_AIM OF THE EXERCISE_
Look through the data below for the line with "Замысловатые бумажные шары" and the line with "Microsoft Access 2010", then transcribe exactly from the first through the second, leaving out all pictures.

_ENTRIES PROVIDED_
********************
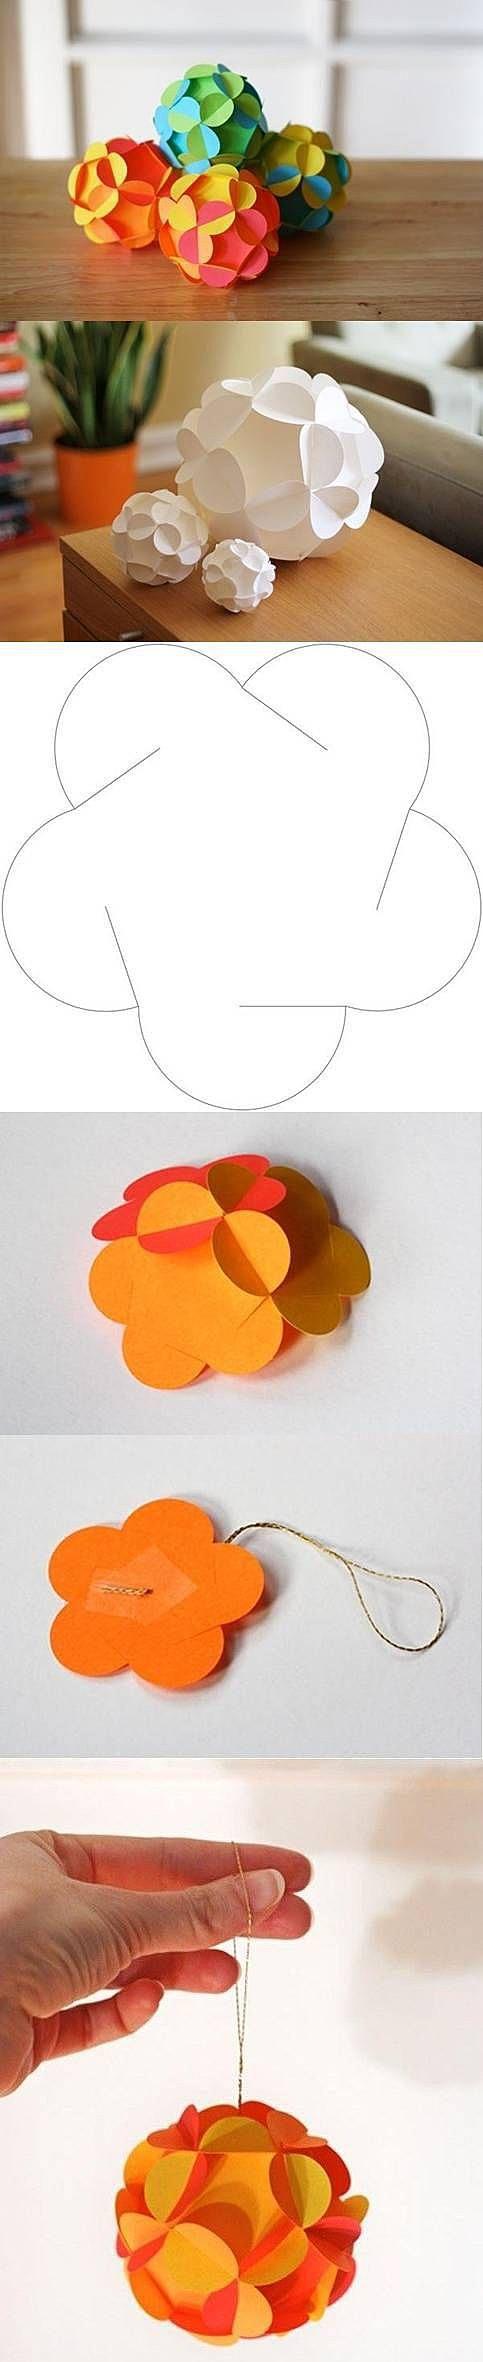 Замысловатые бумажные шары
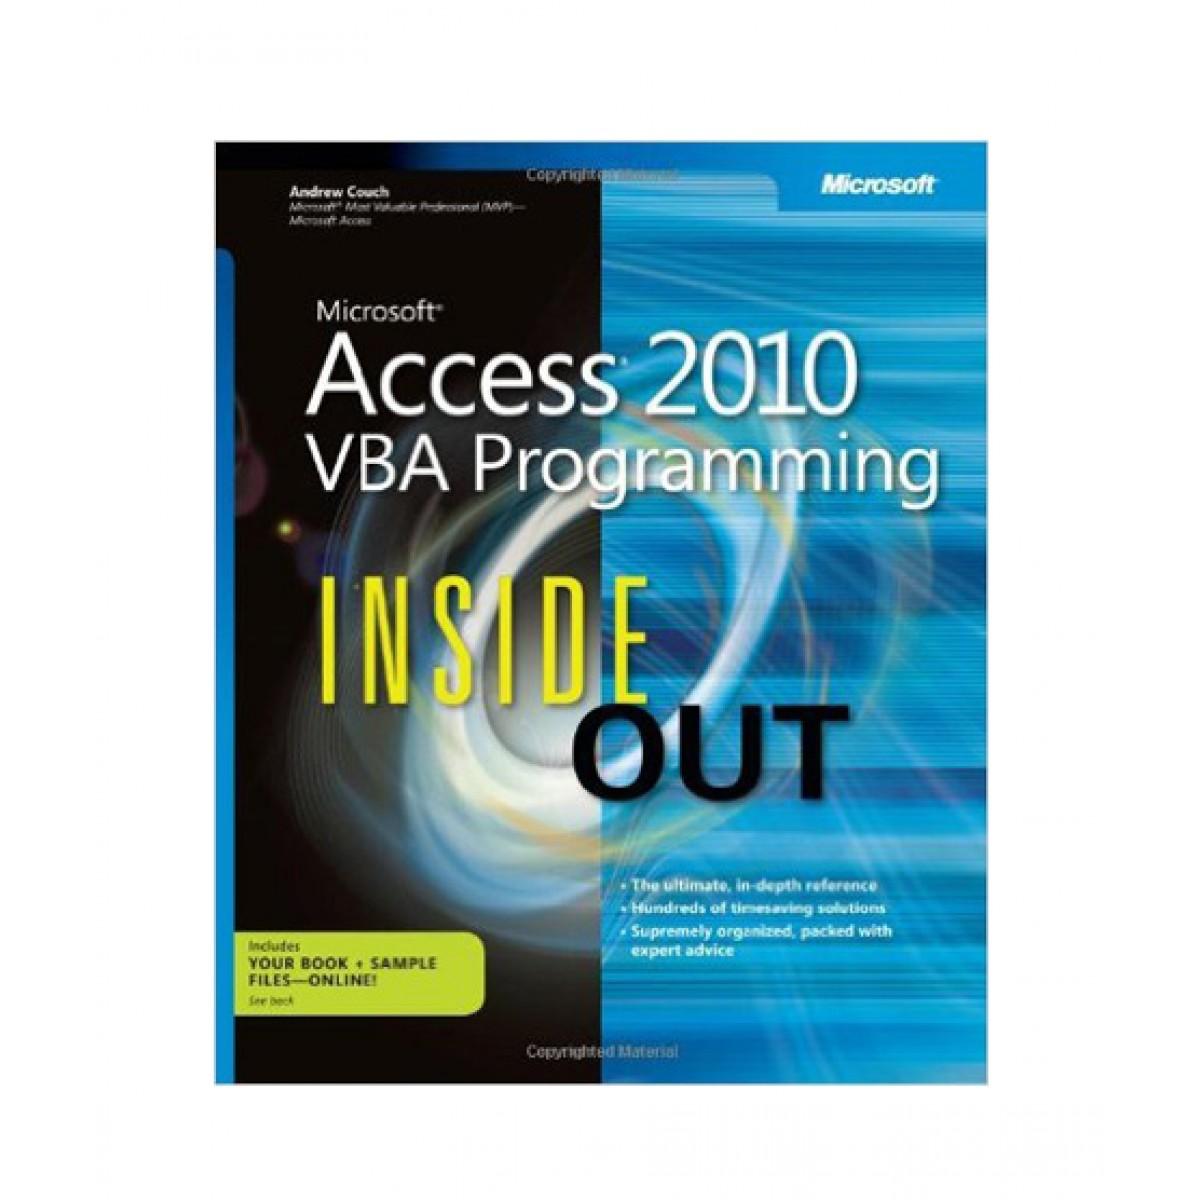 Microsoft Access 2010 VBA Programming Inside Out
********************
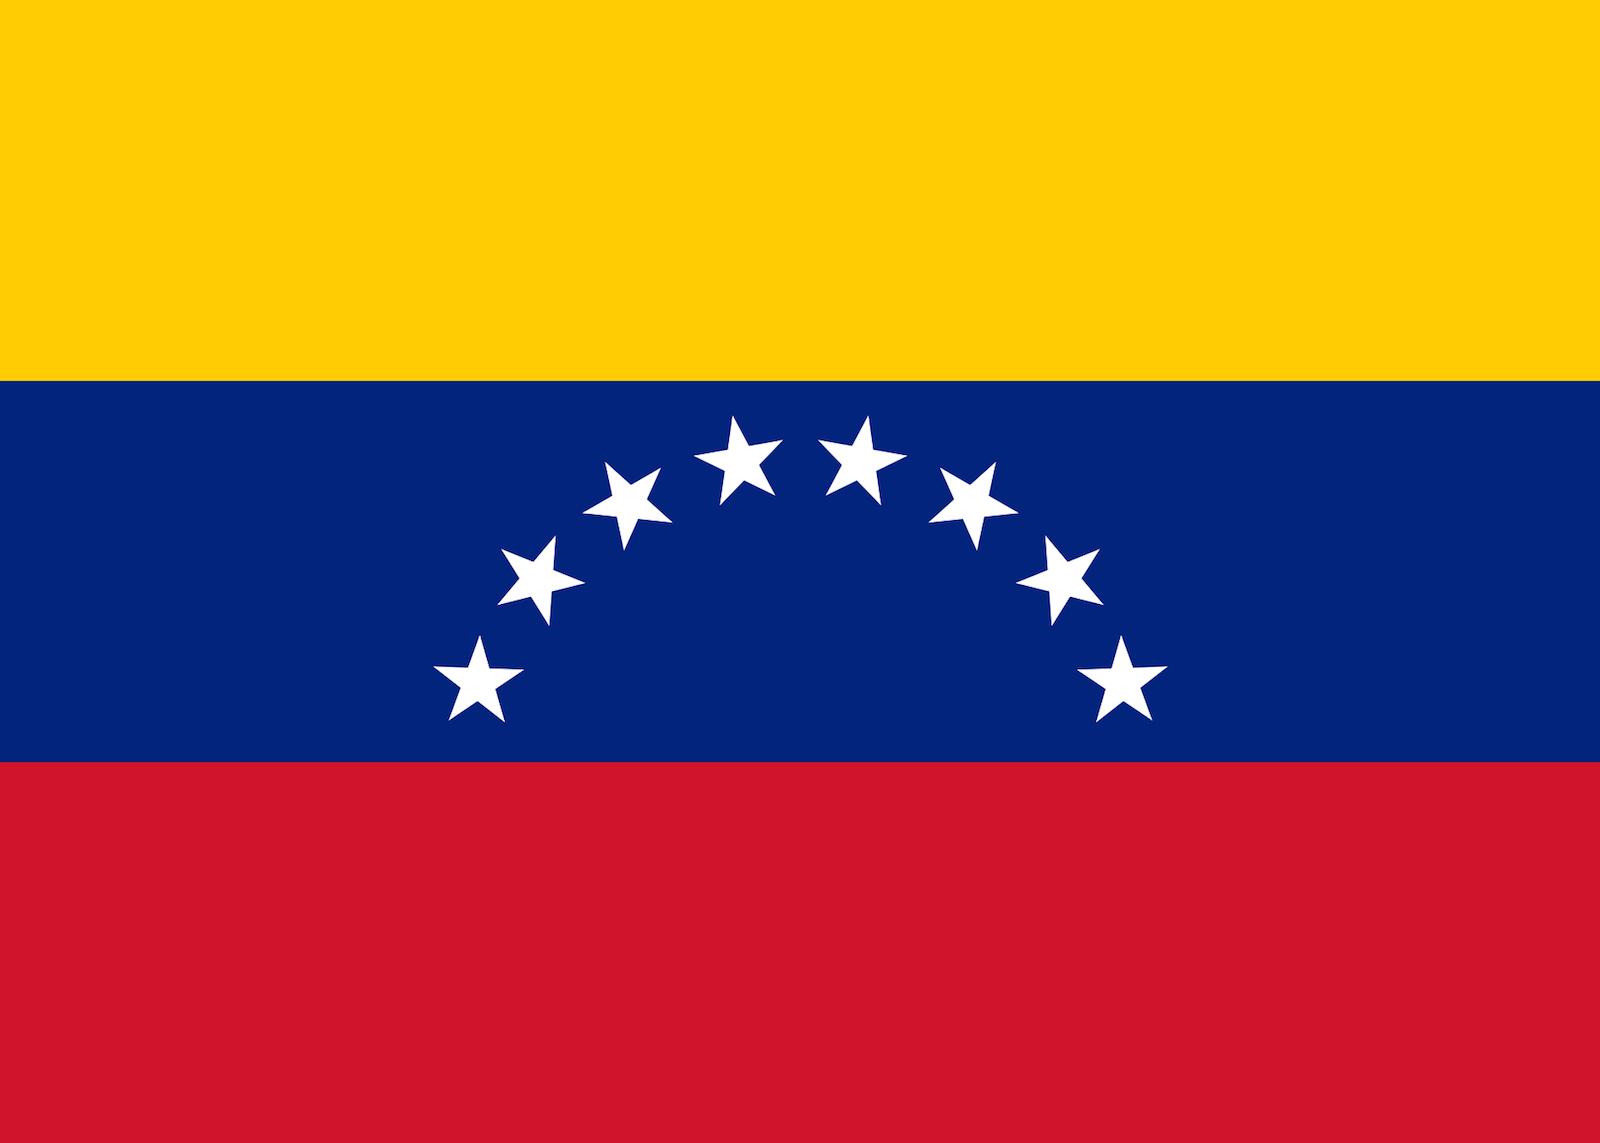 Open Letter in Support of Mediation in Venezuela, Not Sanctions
********************
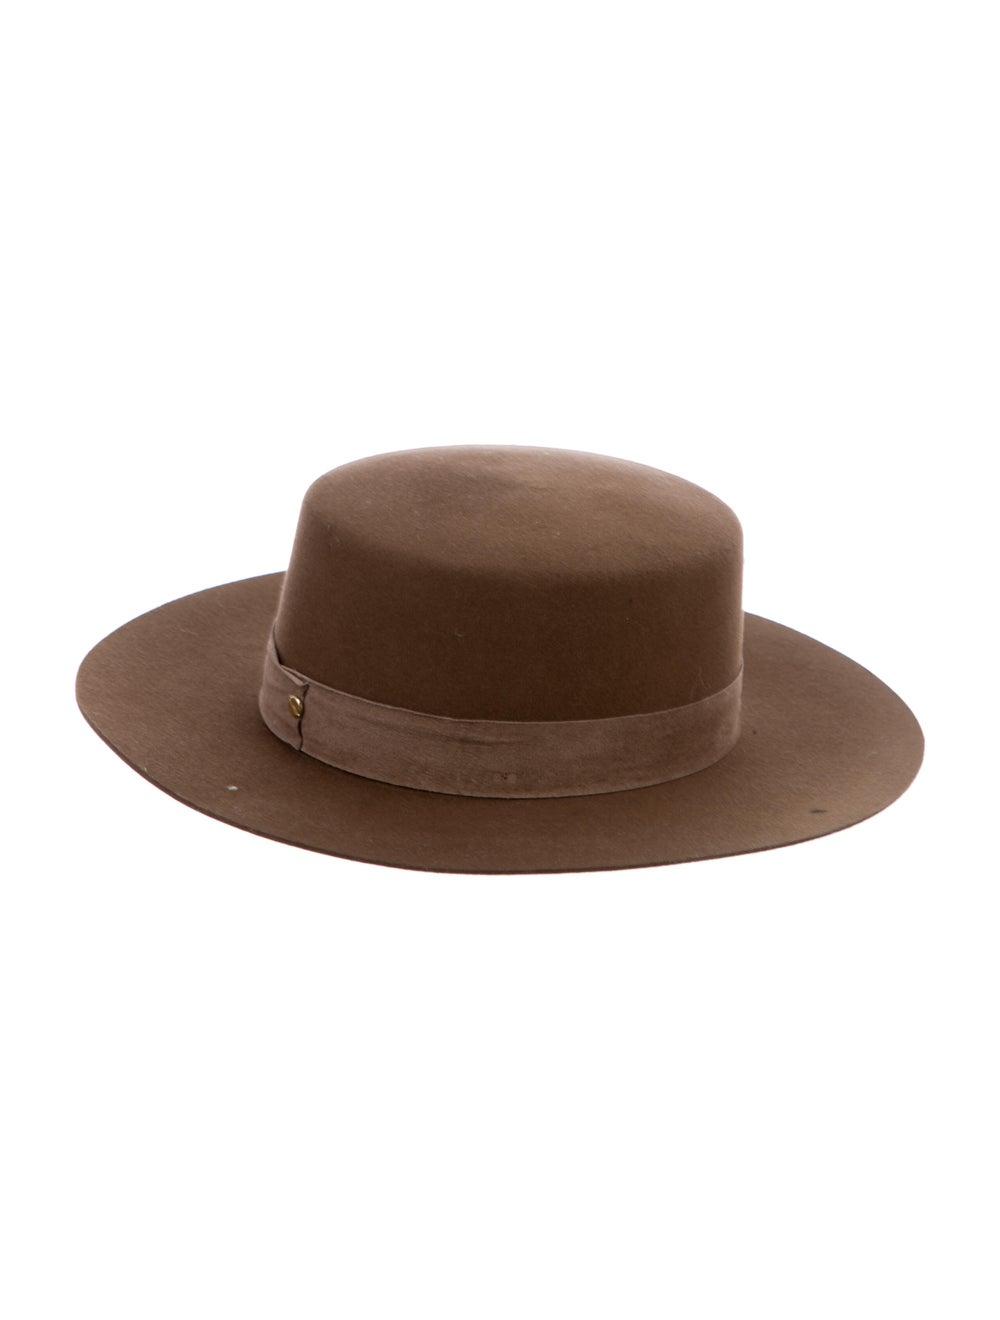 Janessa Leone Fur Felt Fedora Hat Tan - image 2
********************
_RESPONSE TO THE TASK_
 Замысловатые бумажные шары
 Microsoft Access 2010 VBA Programming Inside Out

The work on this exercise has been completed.